**To do**
Retype only the lines below from the one with "VTG - 1960s" to the one with "Soviet Red Star", inclusive, skipping every image.

**Records provided**
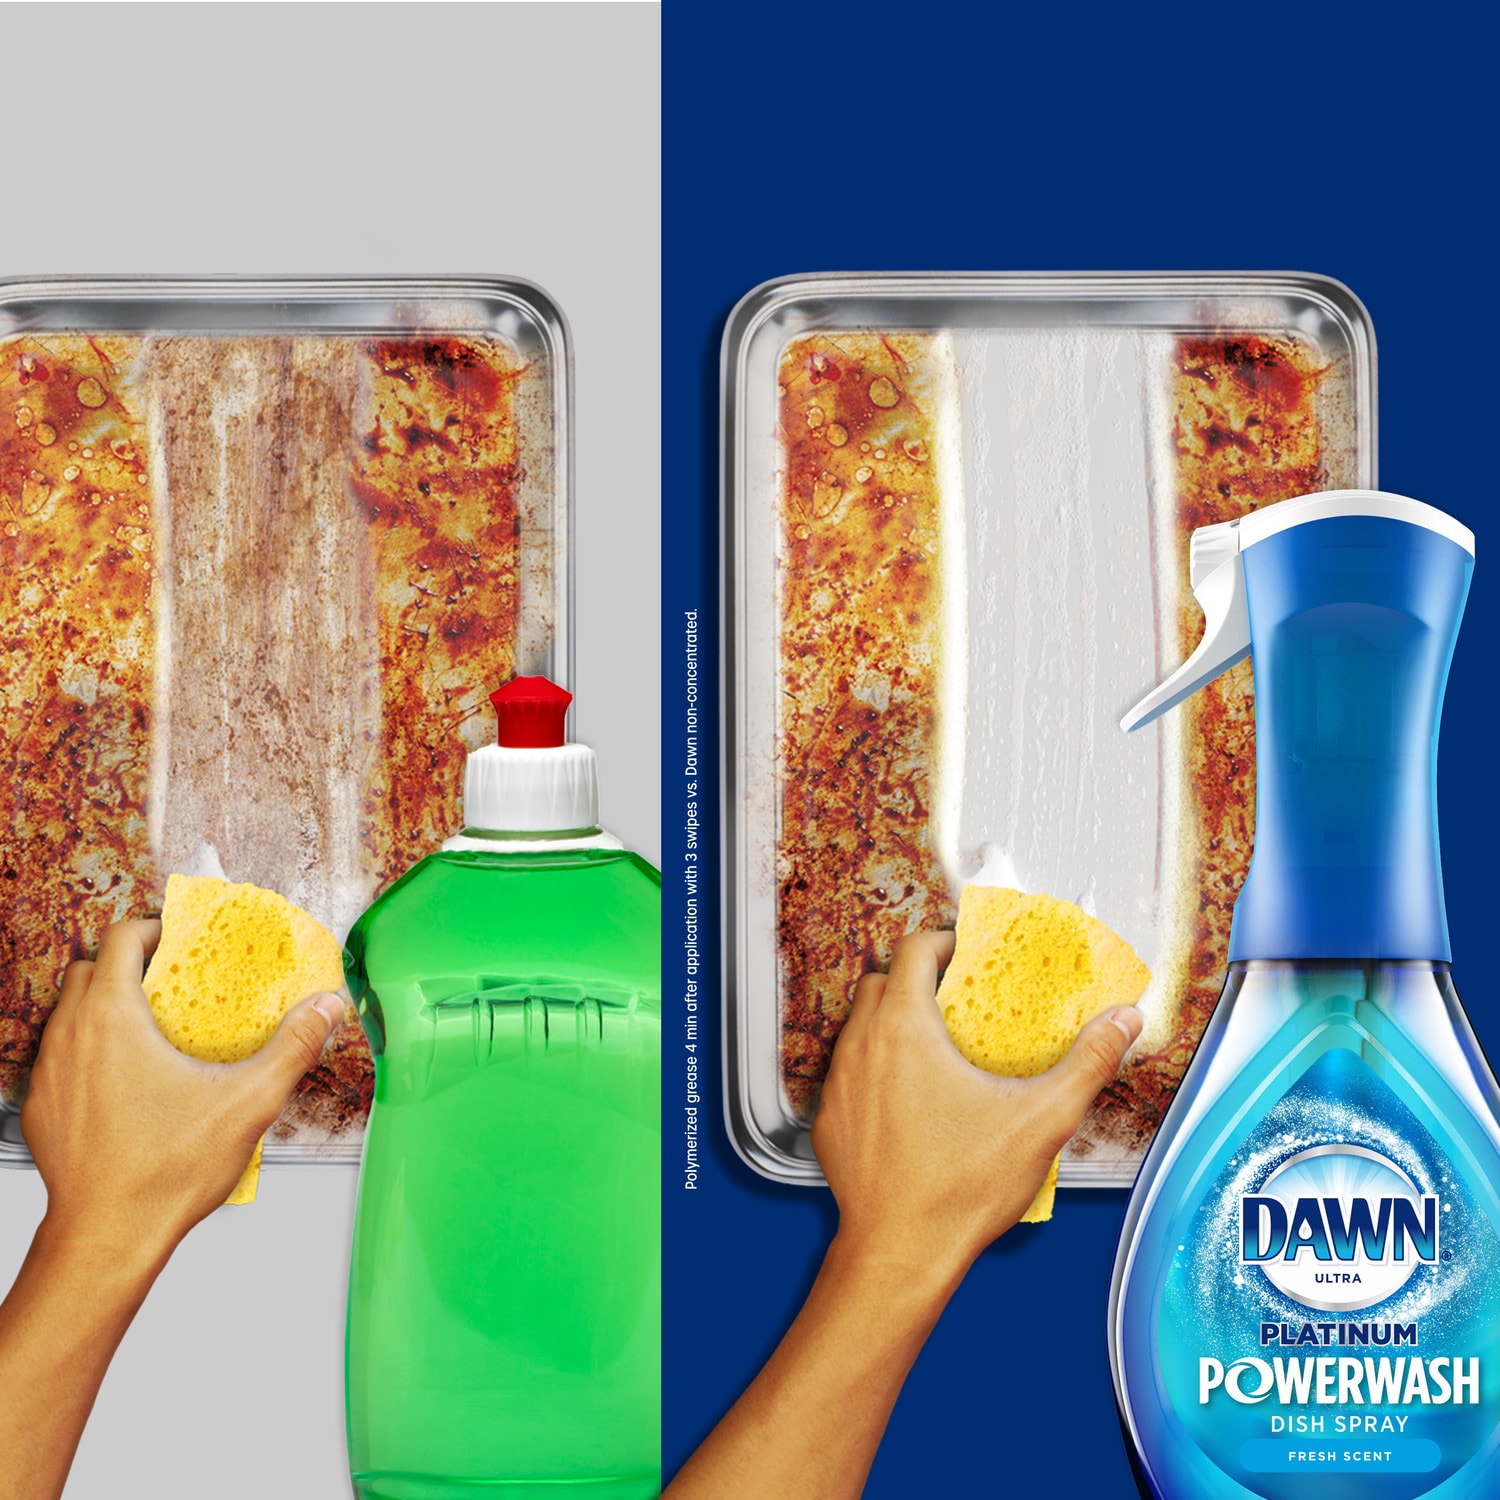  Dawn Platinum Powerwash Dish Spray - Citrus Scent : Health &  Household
==
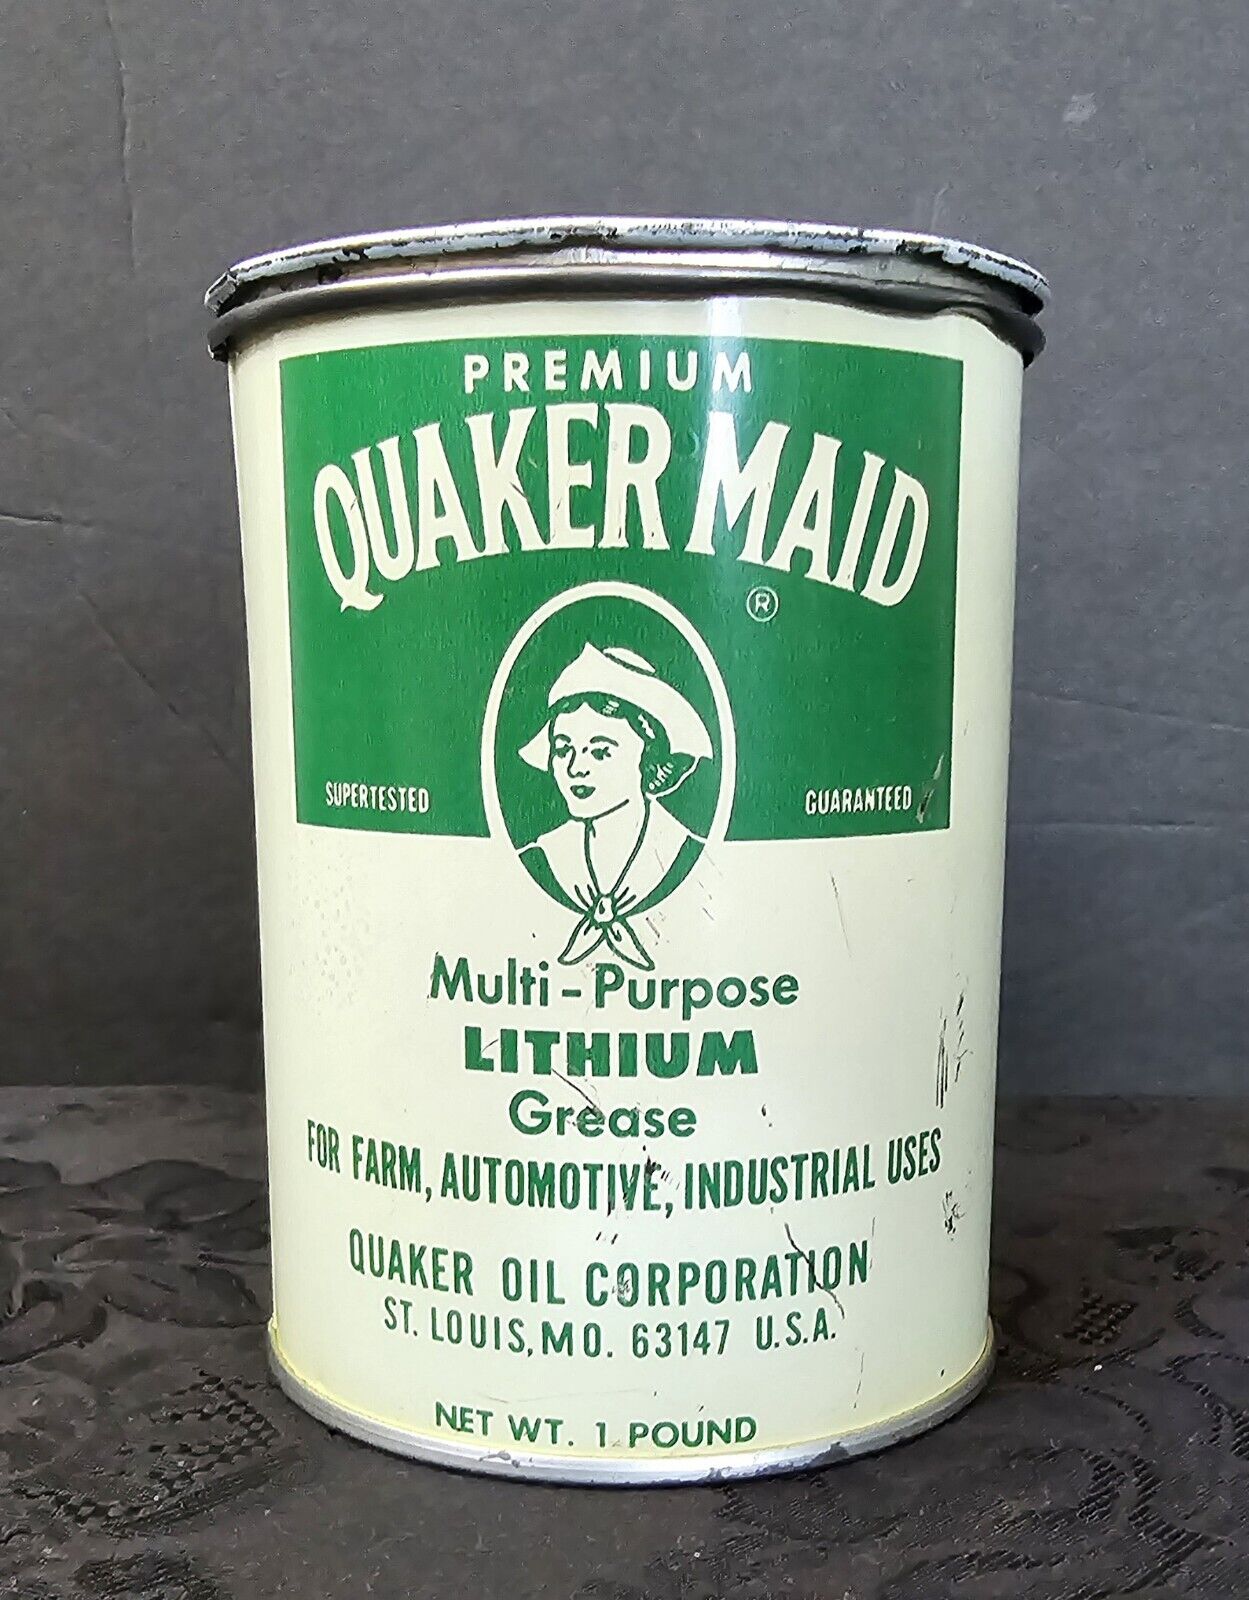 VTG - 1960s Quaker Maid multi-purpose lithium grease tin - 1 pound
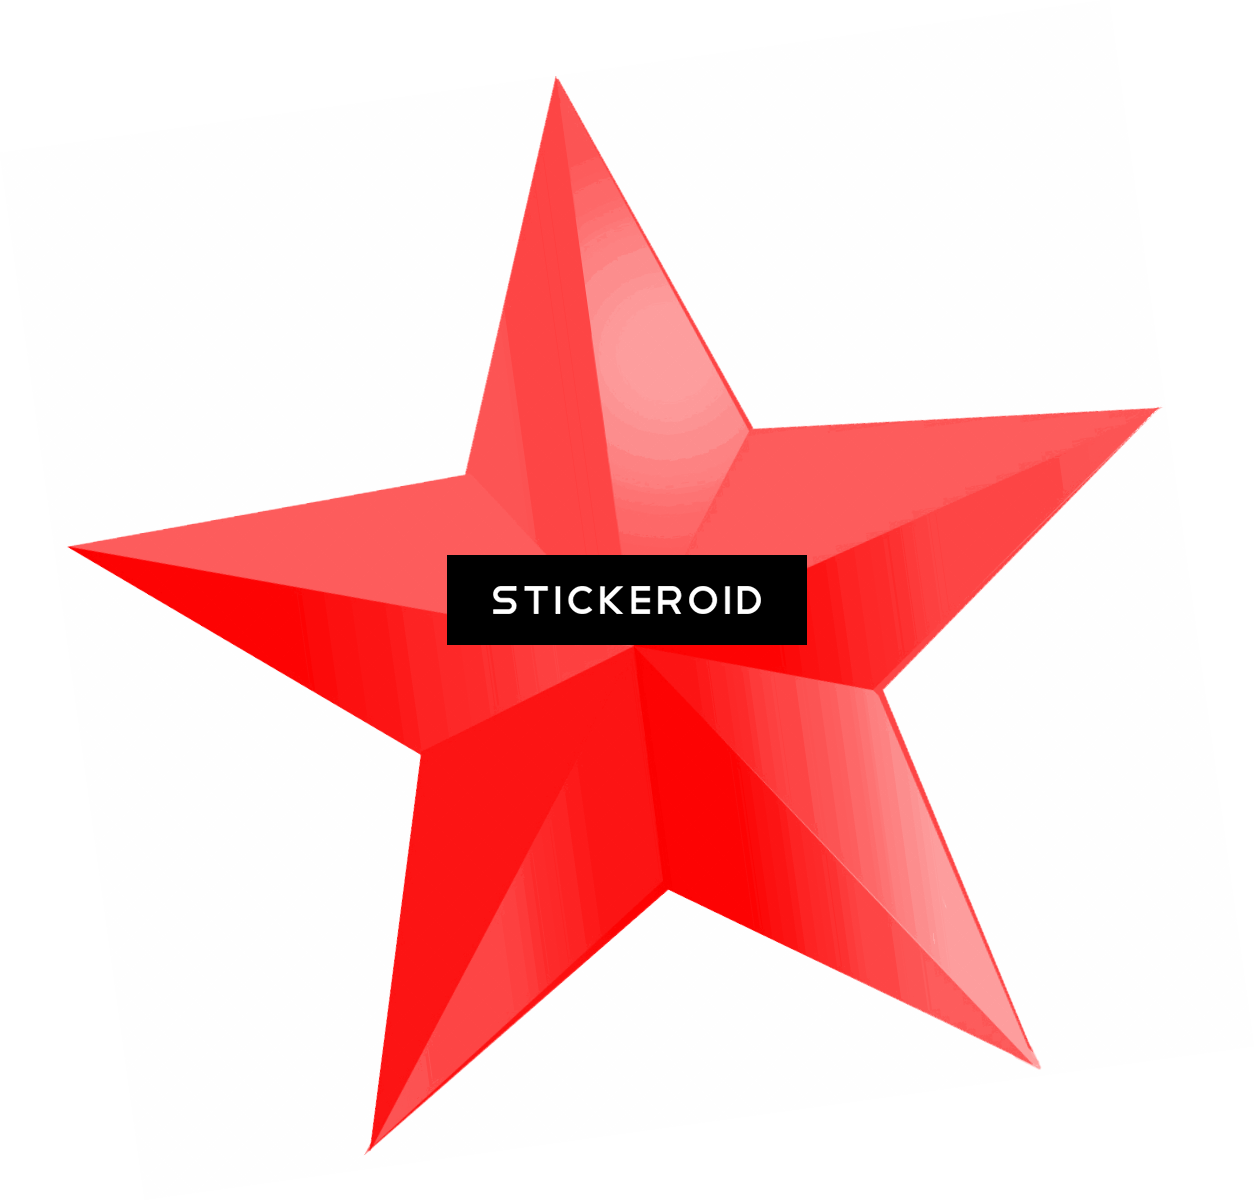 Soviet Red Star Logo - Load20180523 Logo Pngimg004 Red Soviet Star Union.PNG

**Output of the task**
 VTG - 1960s Quaker Maid multi-purpose lithium grease tin - 1 pound
 Soviet Red Star Logo - Load20180523 Logo Pngimg004 Red Soviet Star Union.PNG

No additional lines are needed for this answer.